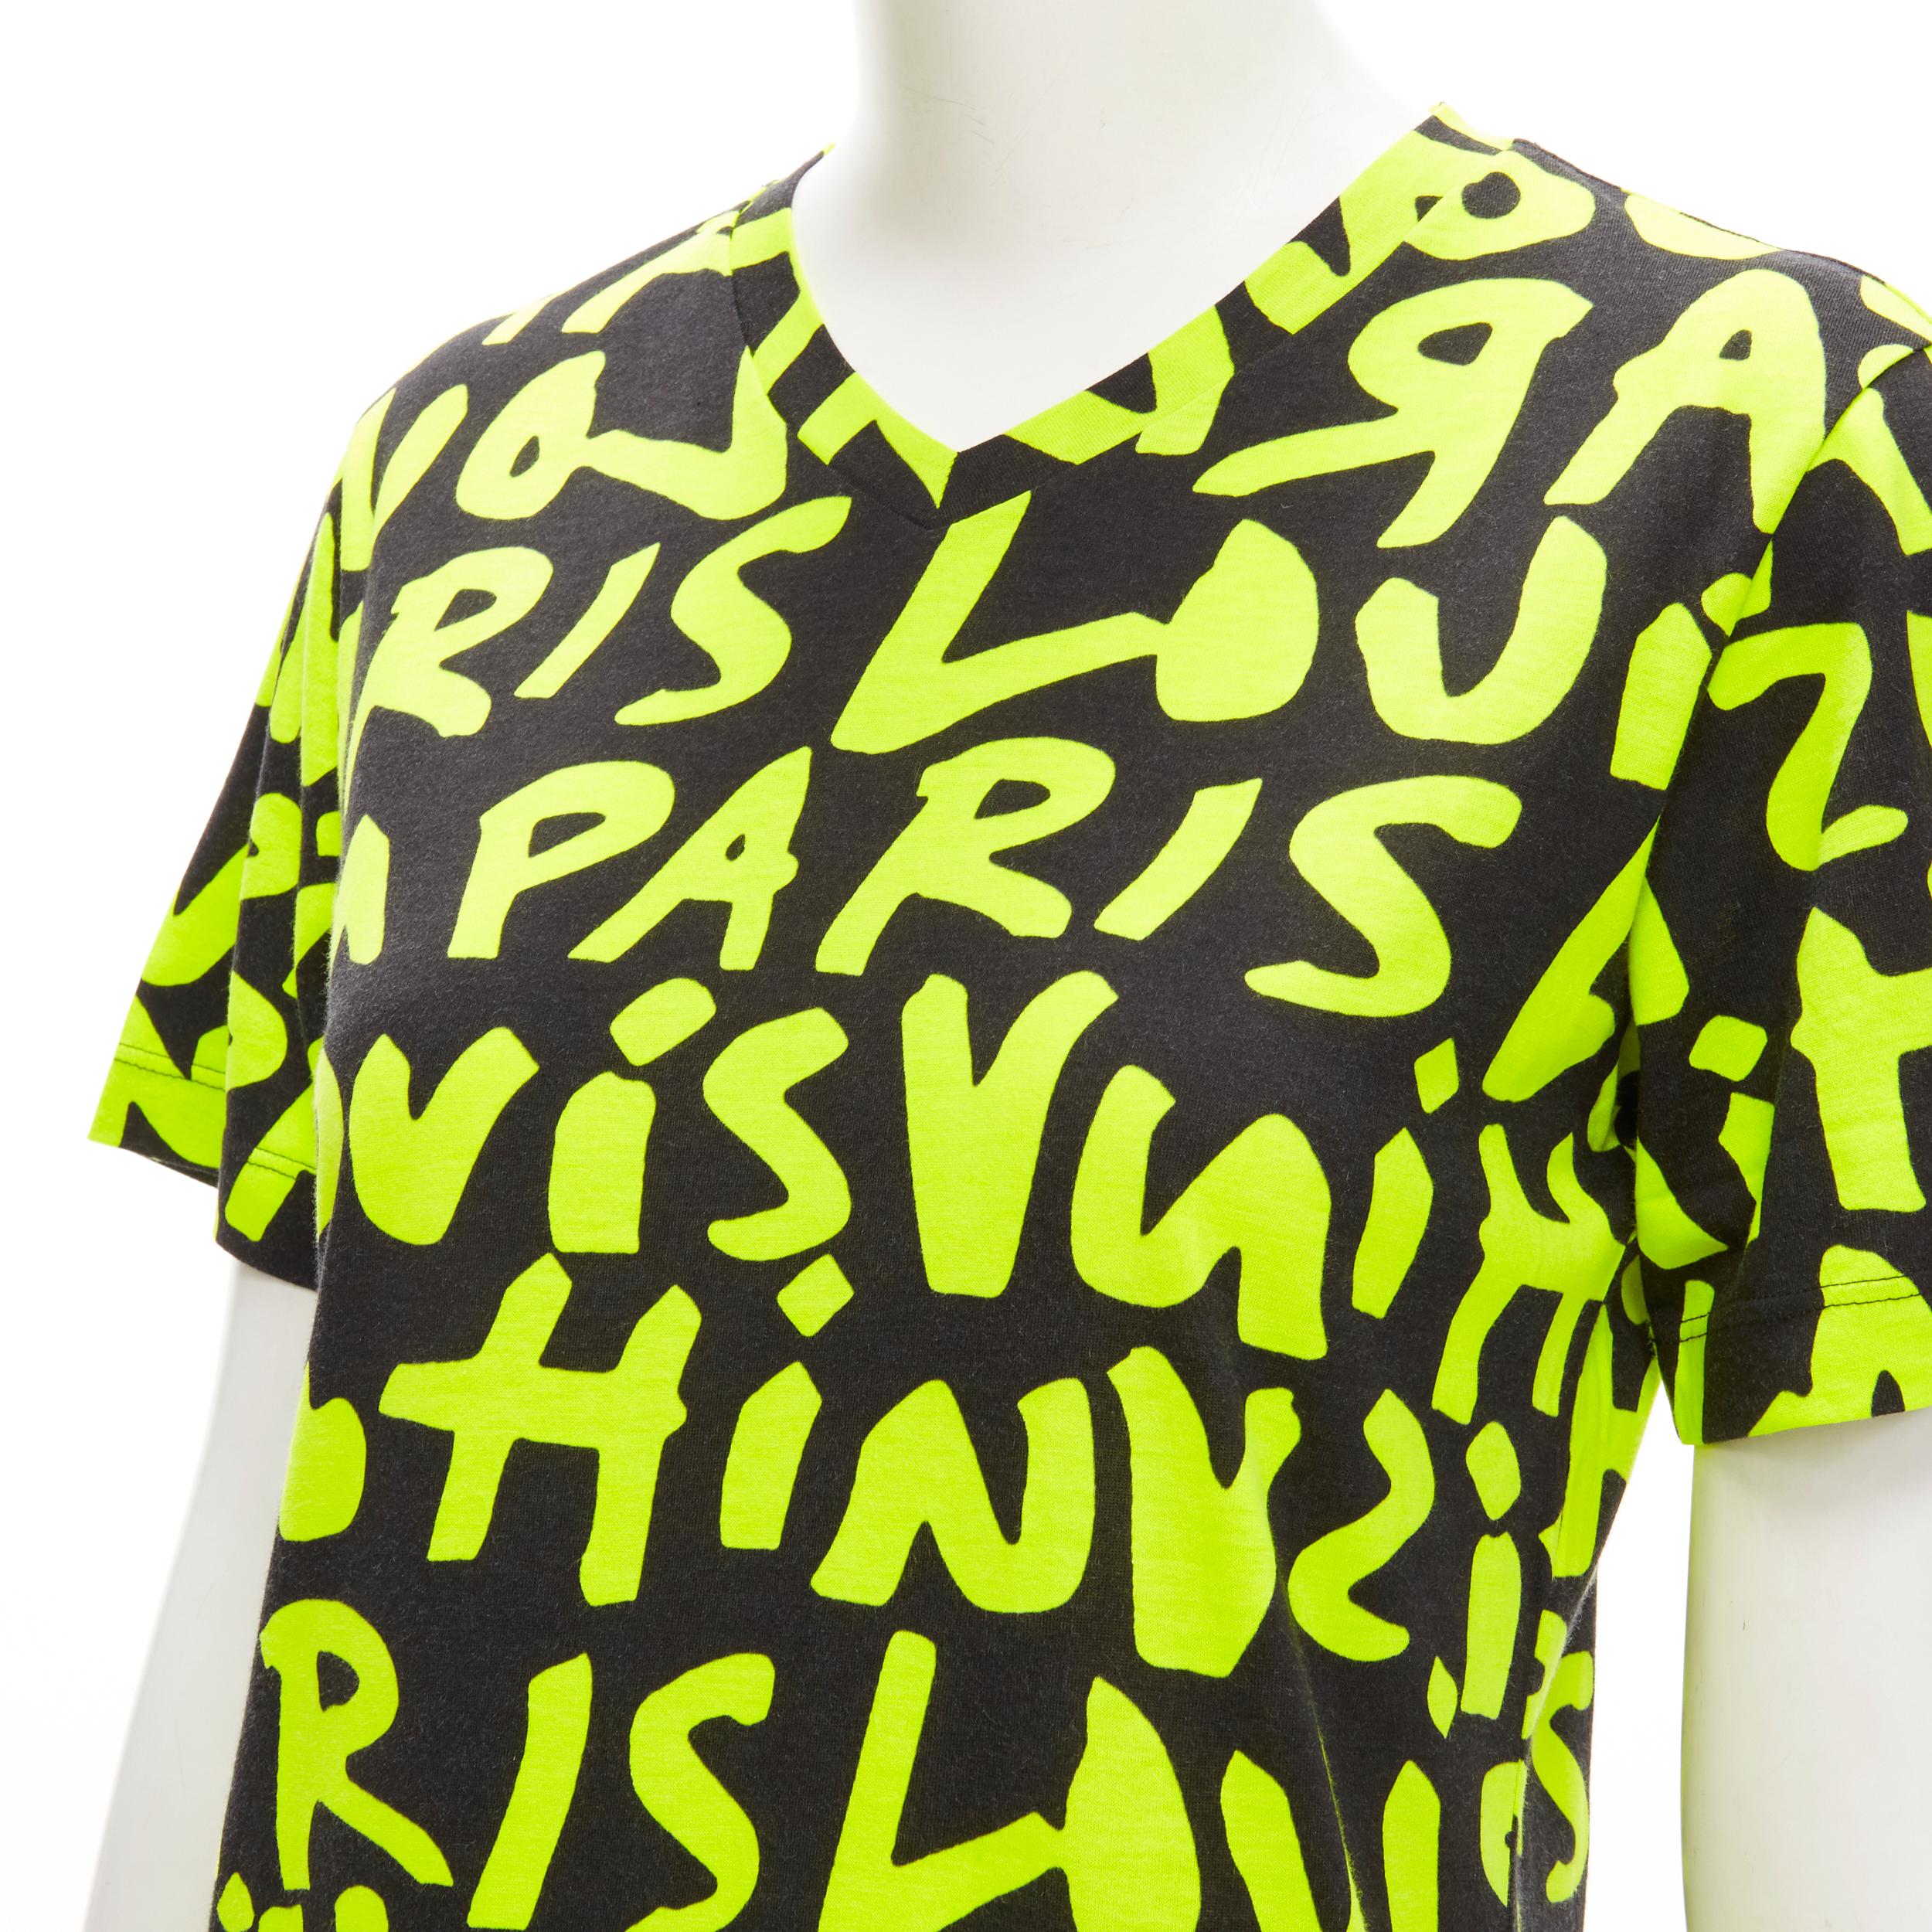 LOUIS VUITTON Stephen Sprouse Iconic Graffiti black neon yellow tshirt 
Reference: ANWU/A00638 
Brand: Louis Vuitton 
Designer: Marc Jacobs 
Collection: Stephen Sprouse Graffiti 
Material: Feels like cotton 
Color: Black 
Pattern: Graffiti 
Extra
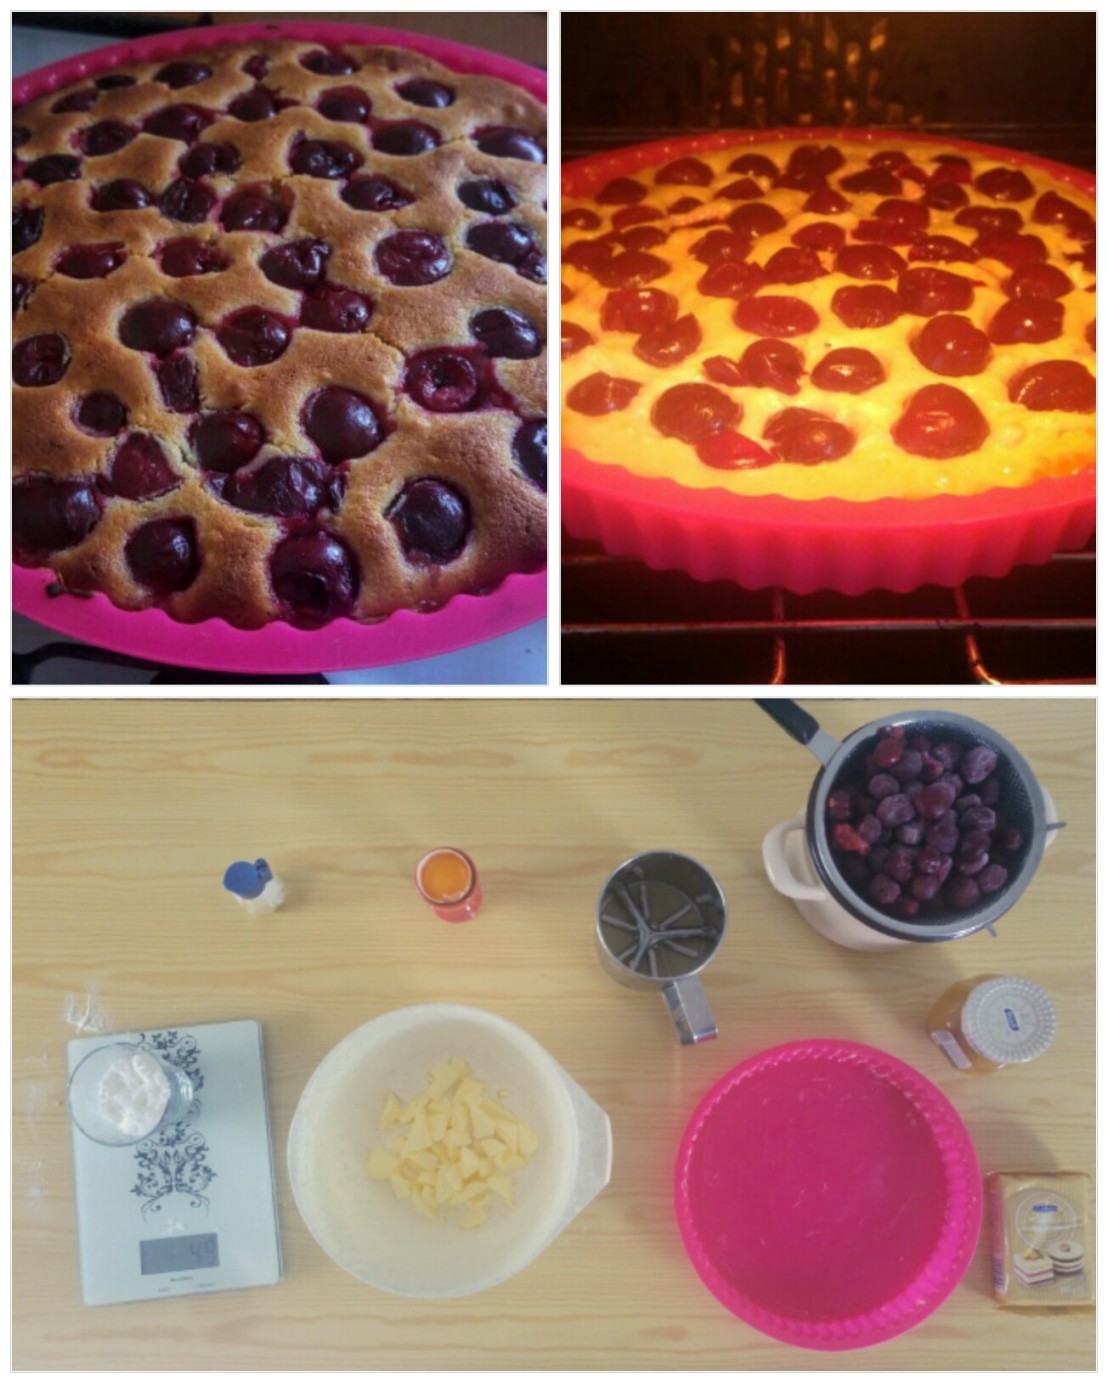 Collage - ingredients, marzipan cherry tart in the oven and baked

────────

*TRY IT*
Where the line containing "Color: Black" appears in the entries above, start there and set down every line exactly through the last one, inclusive; omit pictures.

*RESPONSE TO THIS TASK*
Color: Black 
Pattern: Graffiti 
Extra
 Collage - ingredients, marzipan cherry tart in the oven and baked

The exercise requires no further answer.